Takeaways For Us Moving Forward
When the CDN is the only one with visibility, escalate to them earlier. A Cloudflare 520 means the failure is between Cloudflare and us, and the customer’s HAR file from their browser will never show that. Next time we see this pattern, we ask the customer to engage Cloudflare support on day one rather than after we’ve exhausted our own ideas, because the failing edge IP is the single piece of data that unblocks everything.

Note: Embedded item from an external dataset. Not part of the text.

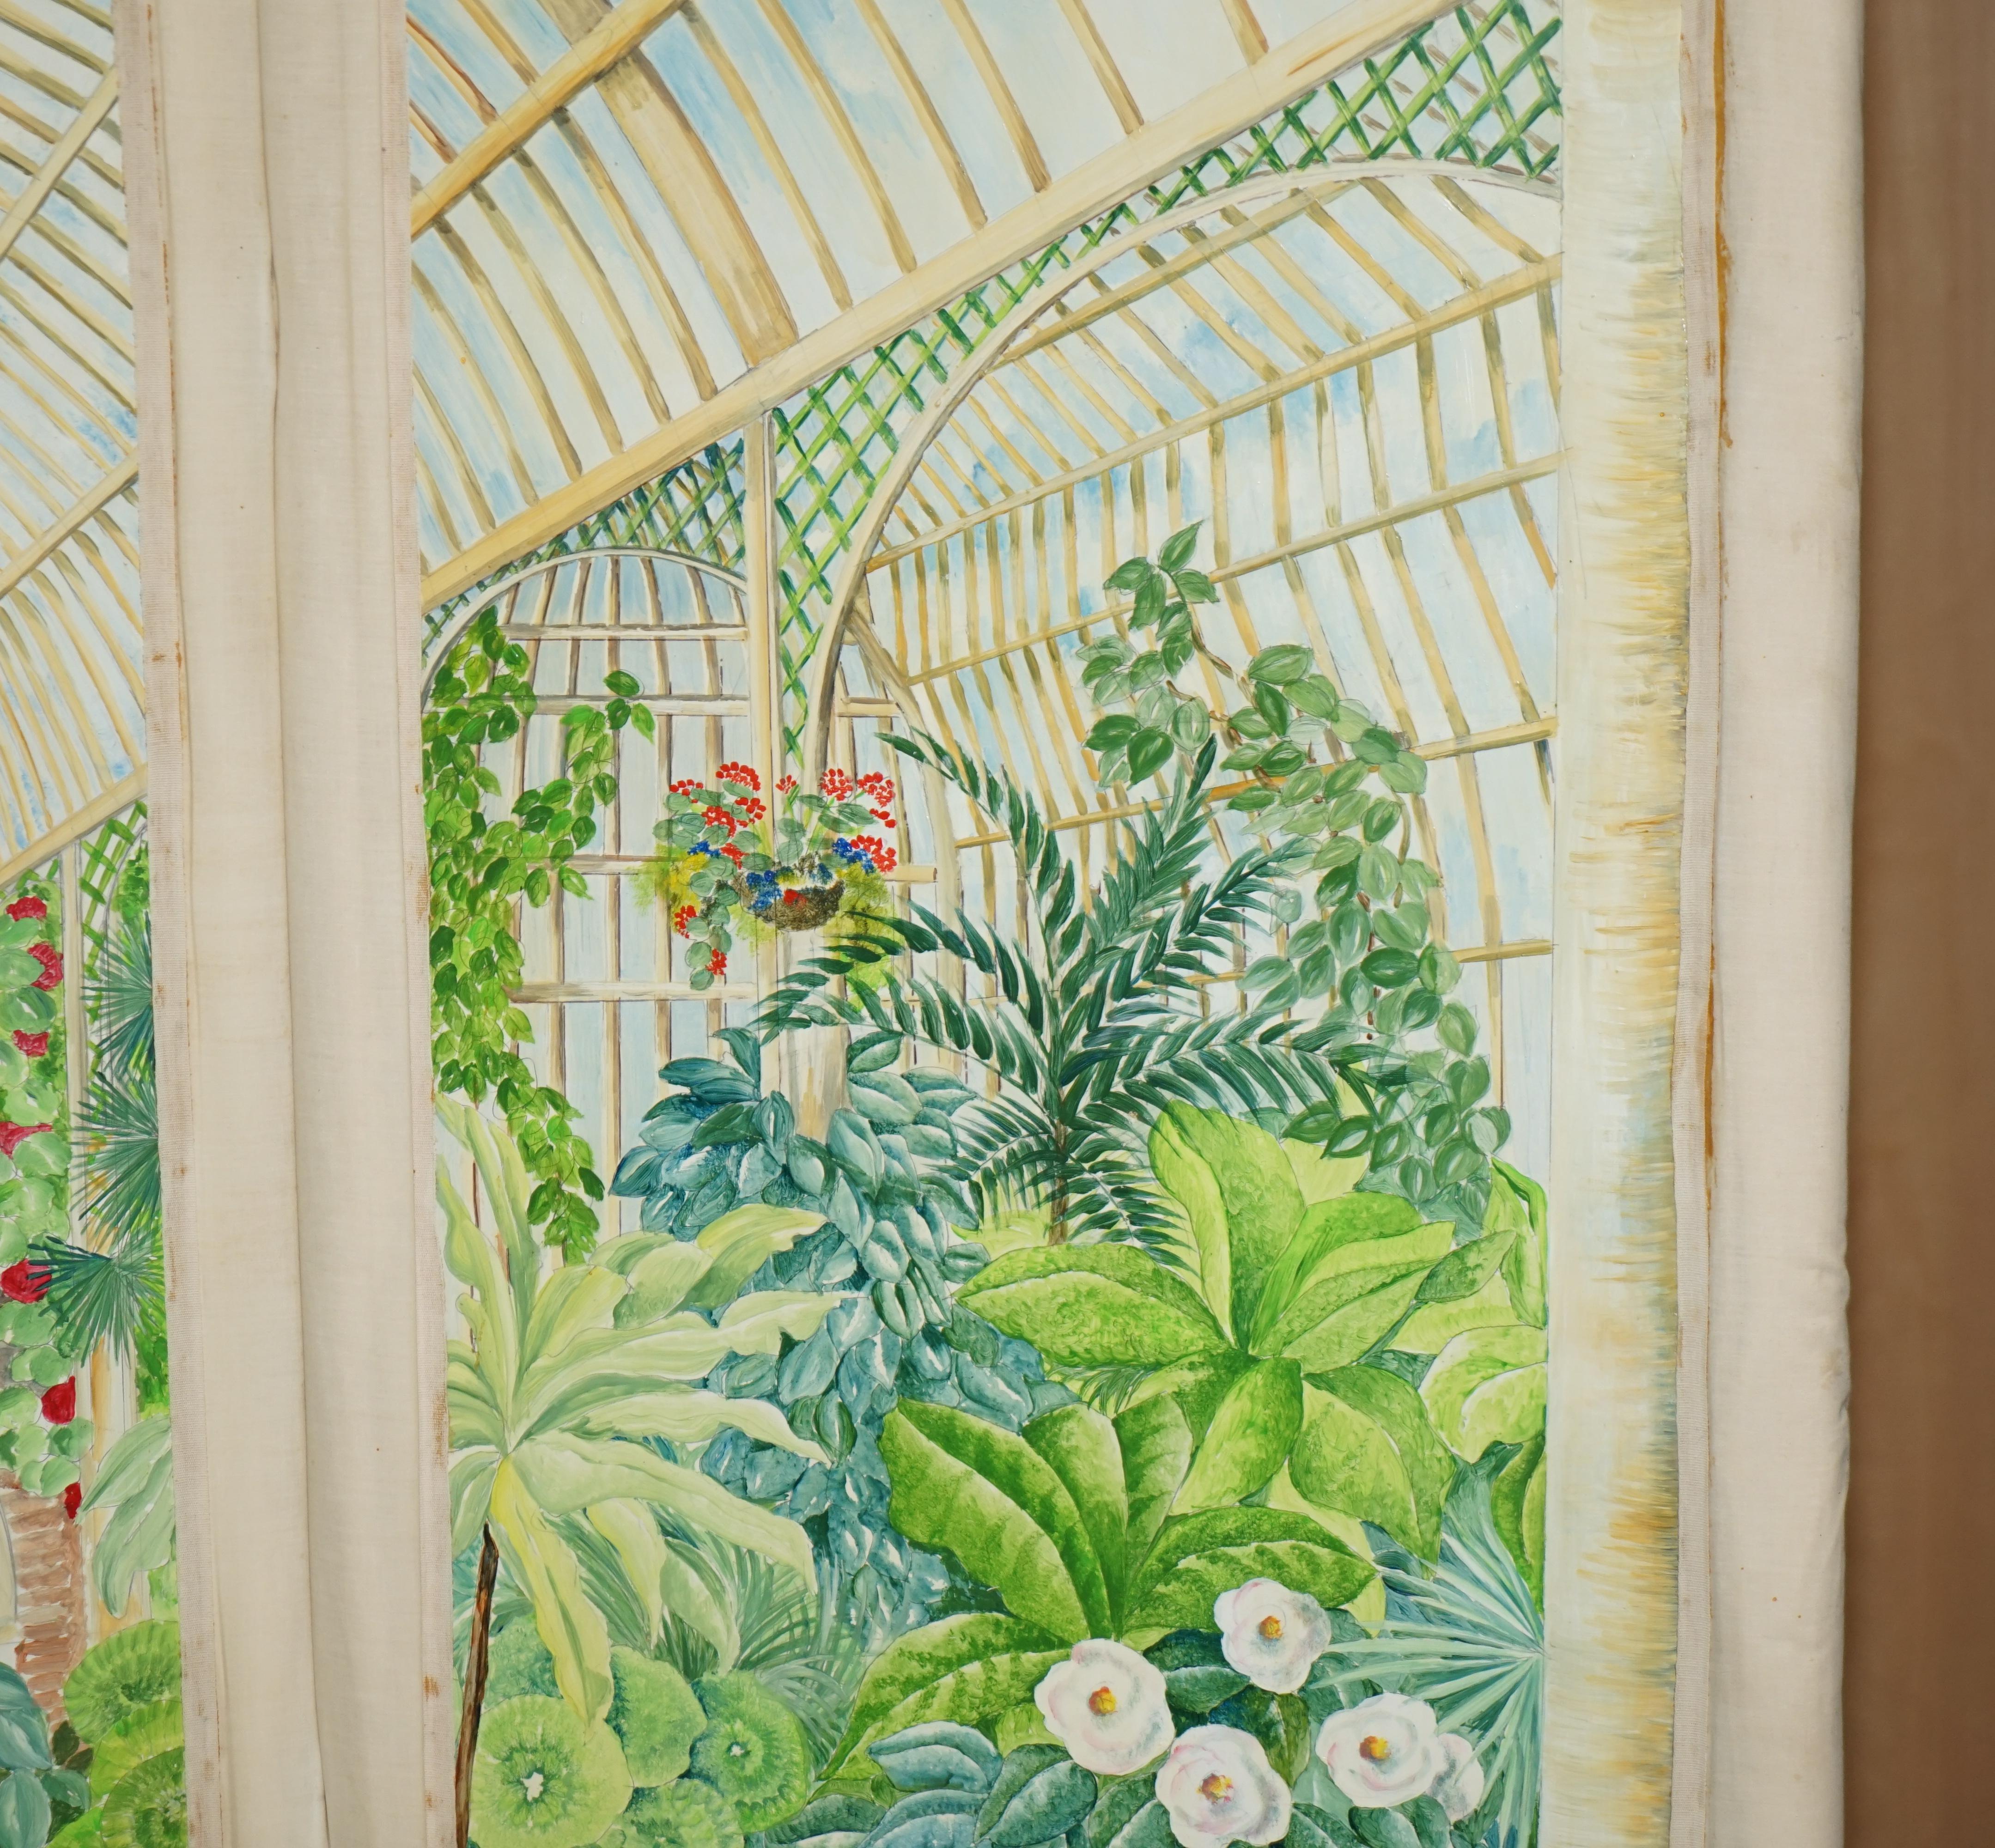 STUNNING VERY LARGE 1930's WATERCOLOR ROOM DIVIDER FOLDING SCREEN GARDEN SCENE For Sale 6

A whitelist only applies to the layer that owns it. Layered firewalls each have their own allowlists, blocklists, and evaluation order. Telling one layer “trust this IP” doesn’t tell any other layer the same thing. Trusted infrastructure needs to be allowed explicitly at every layer that could touch it.
Implicit allows are fragile. “Not denied yet” is a different thing from “explicitly allowed.” It looks the same in normal operation and behaves differently the moment a new deny source enters the picture. Make trust decisions explicit so they survive future rule additions.
Threat intel feeds are statistical instruments, not perfect ones. A CDN’s IP getting on a “compromised IPs” list isn’t impossible (anyone can be behind a CDN) and the cost of a false positive is invisible breakage for one customer somewhere on our network. We should periodically audit any blocklist we subscribe to for overlap with infrastructure we explicitly trust.
A customer reproducing an issue we can’t is signal, not noise. When a customer presents controlled testing that isolates an environmental variable (PoP, region, IP range, etc.), we need to take “this is a false positive on their end” off the table sooner. Reproduce the conditions ourselves before falling back on statistical priors about how rare the issue is across our fleet.